This was a very sobering experience and came as quite the surprise. My last post asked my “friends” to help me with the most important decision in my life. I am alone here in London with no friends to talk to and I hoped that people who I felt had been close friends in the past would give me their advice. With the exception of a handful of people, frankly people who were not what I would call “close” friends, not one of the people I asked for help from responded, even those who knew me very well for years.

Yes, I left the Okanagan in 2007 to go to Panama, so it’s been seven years and I guess even your friends forget you after all those years, but I have kept in touch through Facebook and emails. The ironic part is that many of those same people have connected with me asking my advice. I chatted with them on Facebook or by phone and gave them all the time they needed, often several hours, but when the tables are turned and I ask for help, they’re nowhere to be found. Sad.

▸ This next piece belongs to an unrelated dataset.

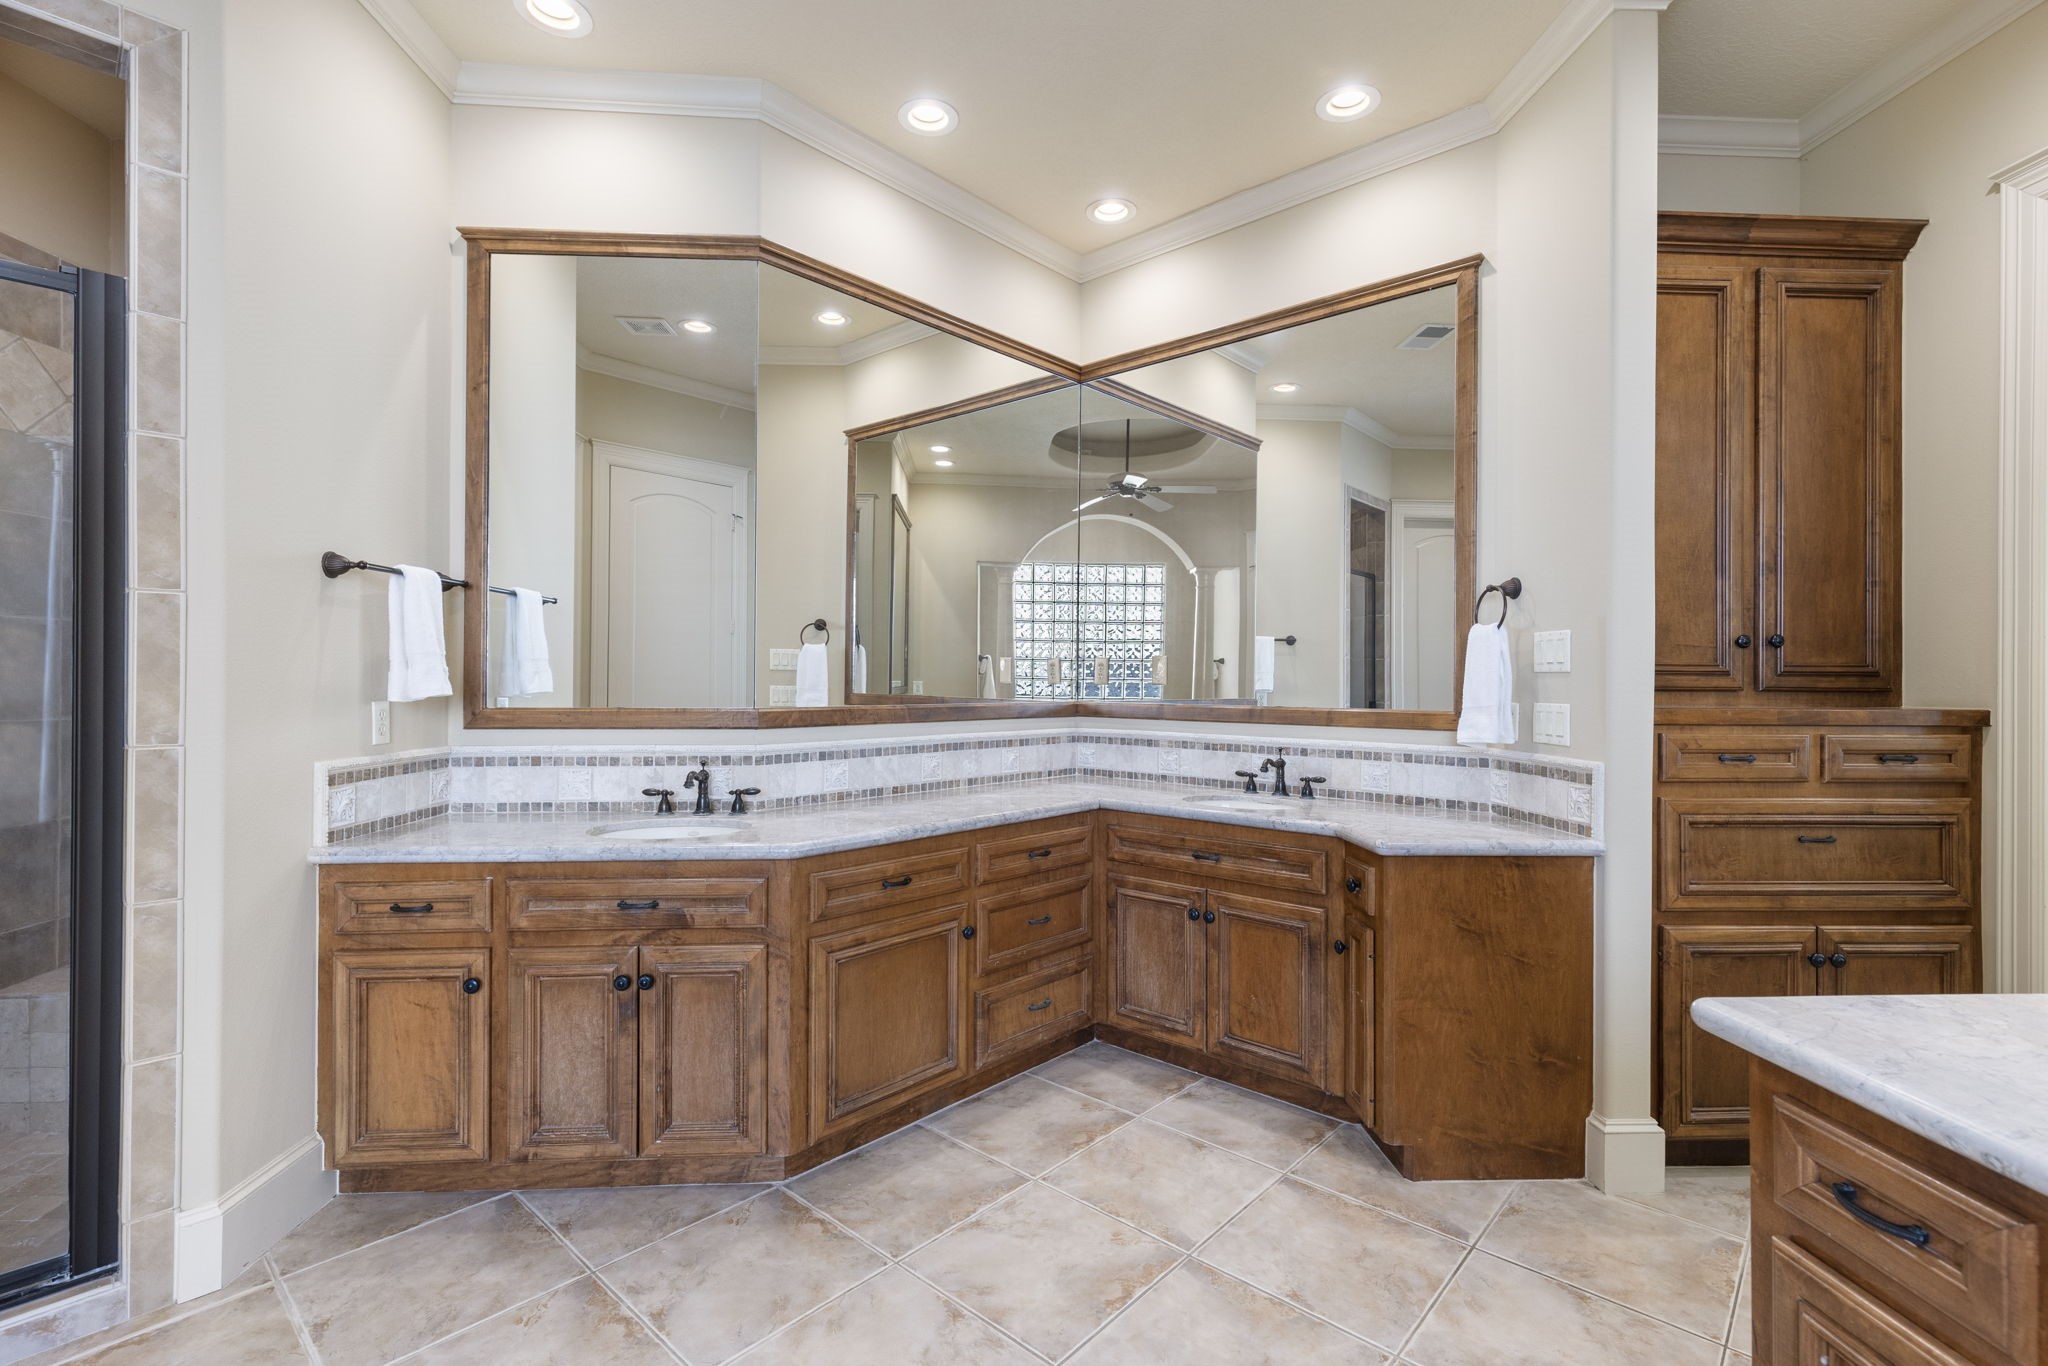 The spacious primary bathroom has high ceilings with recessed lighting, stone countertops accented with tile bordered backsplash and rubbed bronze hardware.

One of the factors in thinking about moving back to the Okanagan was to reconnect with what I thought were my many friends. I had such great memories of all the great times we had over the years and thought it would be great to share some new times together. Apparently I am incredibly naive and stupid.

Without hopefully being too dramatic there has been a fourth option that I didn’t mention in my original post. There have been times over the last few years, starting with being ripped off for everything I owned in Panama, really dark times when it all seemed to be too much to handle. Discovering that the girl I loved, the one I moved to London for, cheated on me with someone else she met on the internet, which broke my heart. Being forced to go to a shelter and lying in filth sweating in hundred degree heat trying to sleep. Getting kicked out of the shelters when the government screwed up. Sleeping on the floor of a colleague’s office. Finally getting a job at Home Depot and my own apartment, then having my hours cut back to a minimum and I couldn’t pay my rent. Going without my vital medications for six weeks and ending up in hospital, resulting in painful peripheral neuropathy that has ended any physical activity. Researching and applying to over a thousand companies for a job, with no response. The government denying my application for a disability pension because I missed the deadline for a Medical Report because I could not find a family doctor in London. Getting wrongfully dismissed from the worst job in my life at Stream and taking a year to get paid. Being turned down by three different Meet-Up groups with no explanation.

The worst time in all of this was when my diabetic specialist put me on Oxycontin, a narcotic, with no warning about the side effects. My life went from working long hours on the computer every day trying to get anything going, to lying on the couch all day, crying because I was so depressed. My seventh floor balcony looked awfully inviting many times. The struggles I had fought so valiantly, like the heartbreak of missing my kids, suddenly became overwhelming and I didn’t see the point in continuing to fight. I had lost my will to survive.

I was very fortunate that I did fight back a little and researched the Oxycontin, only to learn that one of the major side effects was thoughts of suicide. In all there were seven side effects and I had all of them. I called my family doctor for advice on how to wean myself off this dangerous drug and I got back to normal. I had come far too close to ending it all. Part of the reason I asked for advice from my “friends” was to avoid making another mistake.

The fact that so many “friends” didn’t think enough of me to give me just a few minutes out of their busy lives speaks volumes about who I thought I was to them. It has certainly given me a different perspective on my options.

I do again thank those who did take the time to try to help me.